From 6103e6f398068e2b48bbe2f128989b134b60bd5f Mon Sep 17 00:00:00 2001
From: Mateusz Konieczny <matkoniecz@gmail.com>
Date: Thu, 20 Mar 2025 15:38:55 +0100
Subject: [PATCH] prepare to fetching old ATP datasets

---
 0_config.py                                   |  9 ++-
 ...ascading_values_for_canonical_poi_types.py |  4 +-
 20_detect_unhandled_closed_poi.py             |  3 +-
 21_list_import_status.py                      |  3 +-
 2_obtain_atp_data.py                          | 69 +++++++++++++------
 81_generate_atp_issue_tracker_report.py       |  3 +-
 data_iterator.py                              |  3 +-
 downloader_older_atp_data.py                  | 37 ----------
 matcher.py                                    |  4 +-
 requirements.txt                              |  1 +
 view_data_across_atp_datasets.py              | 13 ++++
 11 files changed, 79 insertions(+), 70 deletions(-)

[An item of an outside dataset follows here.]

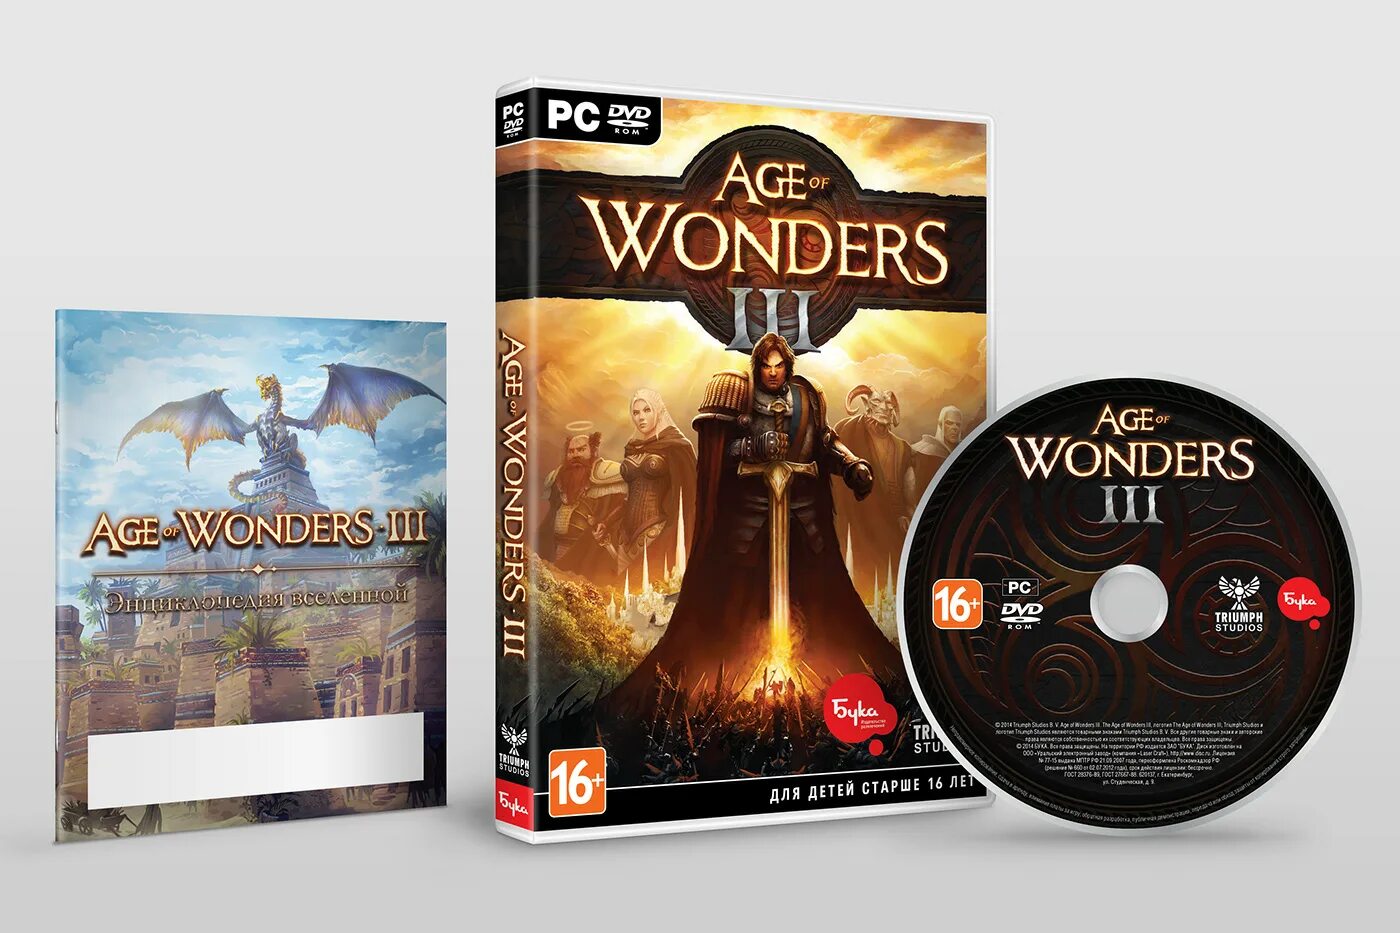 Buka ru. Age of Wonders III. Age of Wonders 3 диск. Age of Wonders 1 диск. Эйдж оф вондерс 3.

 delete mode 100644 downloader_older_atp_data.py
 create mode 100644 view_data_across_atp_datasets.py

diff --git a/0_config.py b/0_config.py
index 251a106..377e0fd 100644
--- a/0_config.py
+++ b/0_config.py
@@ -552,10 +552,6 @@ def atp_cache_folder():
     return cache_folder() + "entire_atp/"
 
 
-def atp_unpacked_folder():
-    return atp_cache_folder() + "output/"
-
-
 def build_storage_folder():
     return cache_folder() + "build_temporary_files/"
 
@@ -6946,7 +6942,10 @@ def show_info_about_spider_to_debug_it(atp_code):
 def return_info_about_spider_to_debug_it(atp_code):
     returned = get_github_link_to_spider(atp_code)
     returned += "\n"
-    returned += atp_unpacked_folder() + atp_code + '.geojson'
+    # TODO: how to get data from 2_obtain_atp_data.py without looping dependencies
+    # maybe just drop line below?
+    # move atp accessing into separate file? with 2_obtain_atp_data becoming tiny wrapper?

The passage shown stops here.